Lanzarote is one of the most fascinating islands of the Canary archipelago. With its resorts such as Playa Bianca and Costa Seguiste, every year it attracts thousands of visitors who come to the island not only for its beaches, but also for natural beauties such as the great Timanfaya National Park, also known as the land of fire. A volcanic expanse of 5107 hectares declared a World Biosphere Reserve by Unesco.
The area around Timanfaya, the volcano from which the park took its name, is the result of a continuous series of eruptions that began in 1730 and ended in 1736. Here the landscape has remained unchanged for centuries, thanks to the favorable climatic conditions, while nature is almost unreal and seems to belong to another planet. These evocative landscapes can be visited for the most part only through guided tours, where you can enter among volcanic craters and underground caves.
The park is divided into two ecosystems: the terrestrial and the maritime. In the first, dominated by the lunar landscape, there are different environmental units, such as cones of volcanic origin, sea of lava and expanses of tabaibal. While, in the part of the maritime ecosystem there are soffioni and caldane, black beaches and slabs.
Volcanic activity in the park is still active, but dormant. Precisely for this reason the ground can reach very high temperatures, where you can also witness the spectacle of artificial geysers, cold water that turns into a powerful column of steam.

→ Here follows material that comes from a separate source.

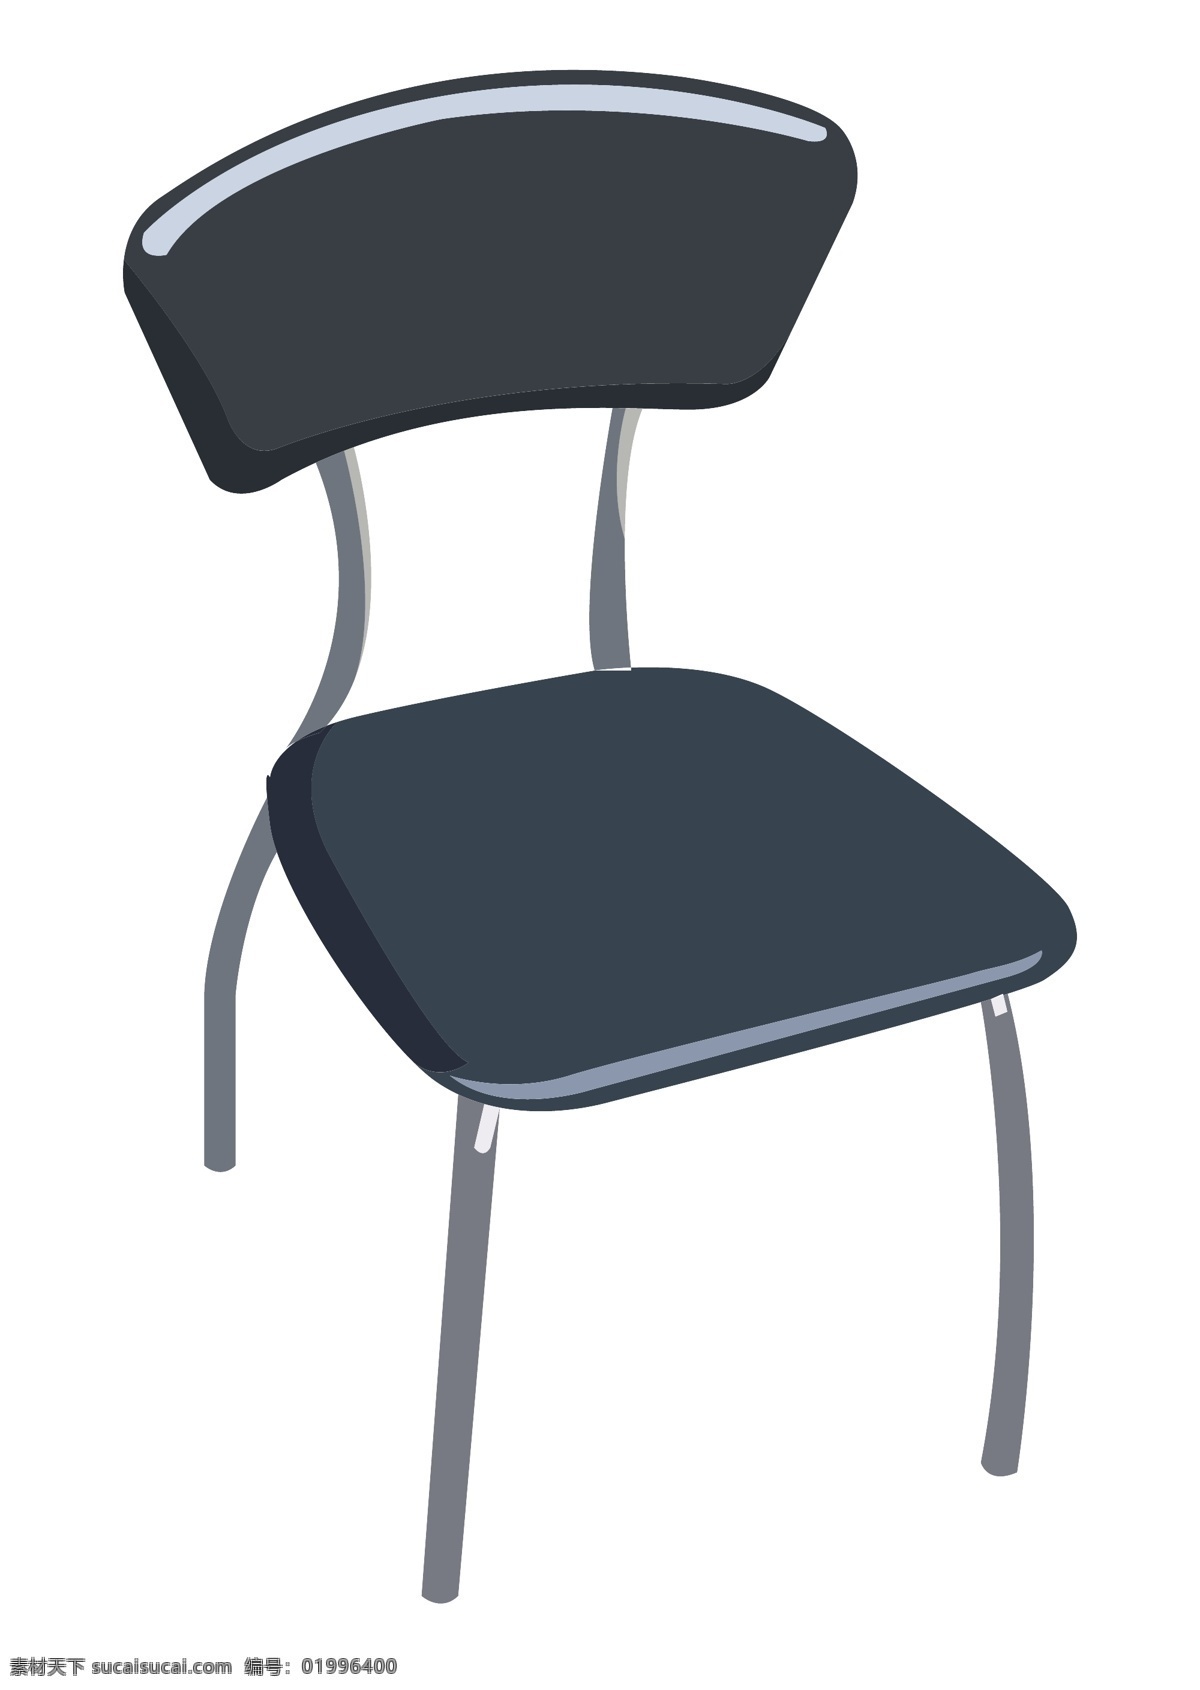 黑色 高档 靠背椅 插画 黑色的椅子 带靠背的椅子 黑色的板凳 时尚靠背椅 办公座椅 创意
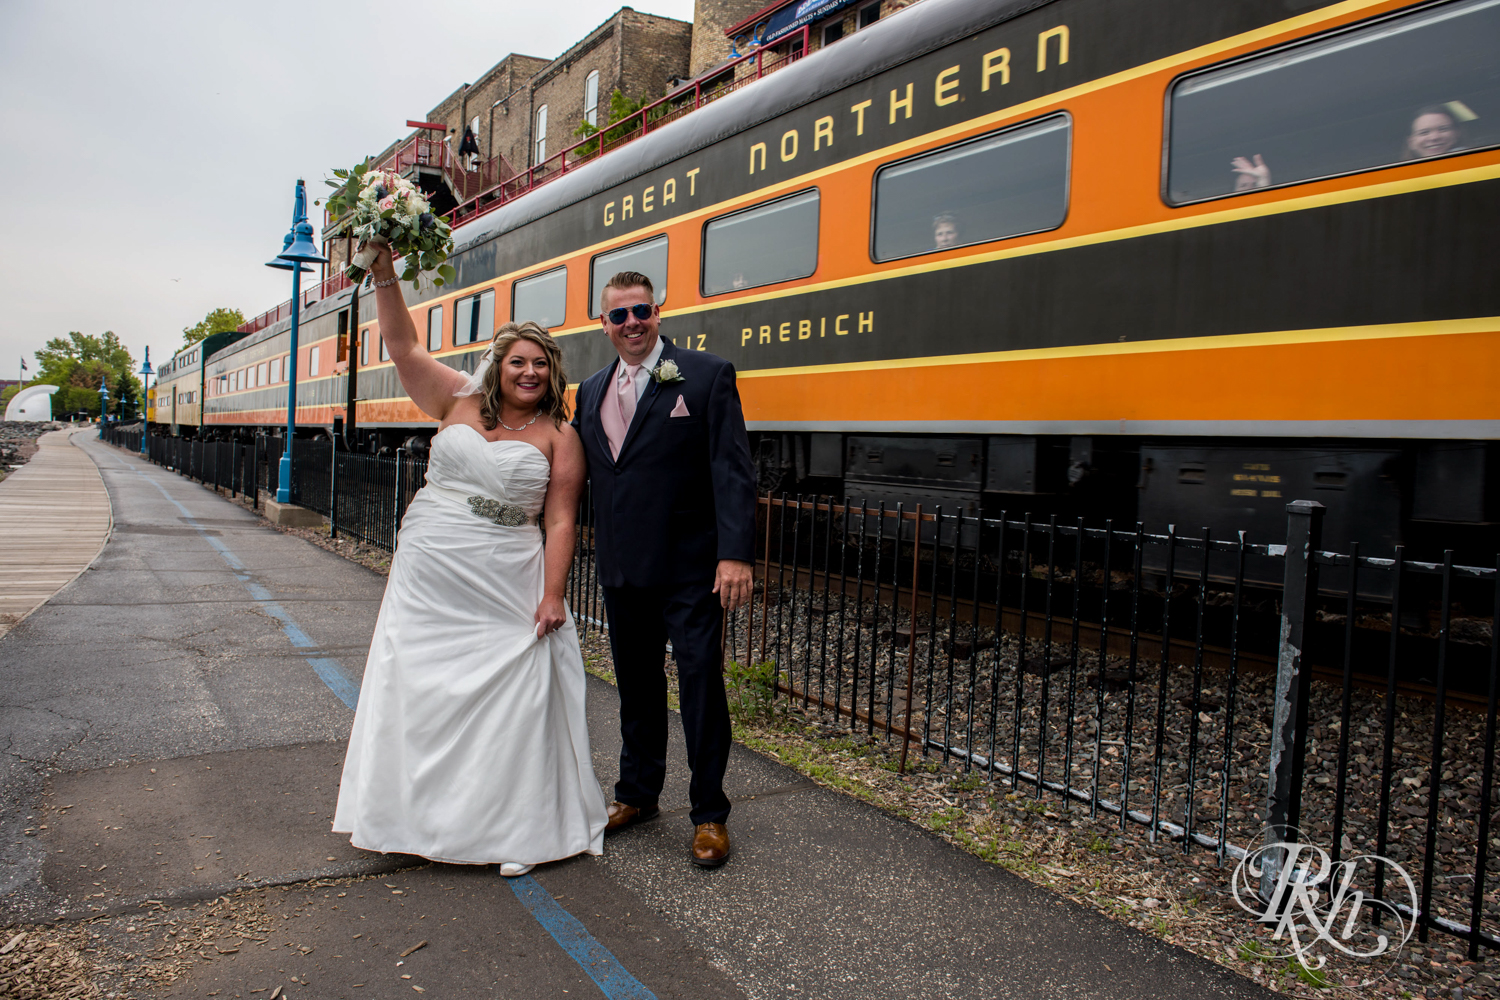 Train behind bride and groom

Inside the park there is a restaurant The Devil, symbol of Lanzarote, built by the architect Cesar Marnique. The peculiarity of this restaurant, beyond the particular architecture, is the cuisine. Typical dishes of the local cuisine are served, prepared directly in a natural oven that uses the geothermal energy of the lava.
The entrance to the park costs 8 euros and it is possible to visit it from 9 in the morning until 6 in the afternoon. It is possible to visit the park on the back of a camel or dromedary, but at a higher cost.
One thing is certain: however you decide to cross the Timanfaya, from the beginning of the lava front to its violent throw into the ocean, you will hardly be able to forget its wonderful and fascinating desolation.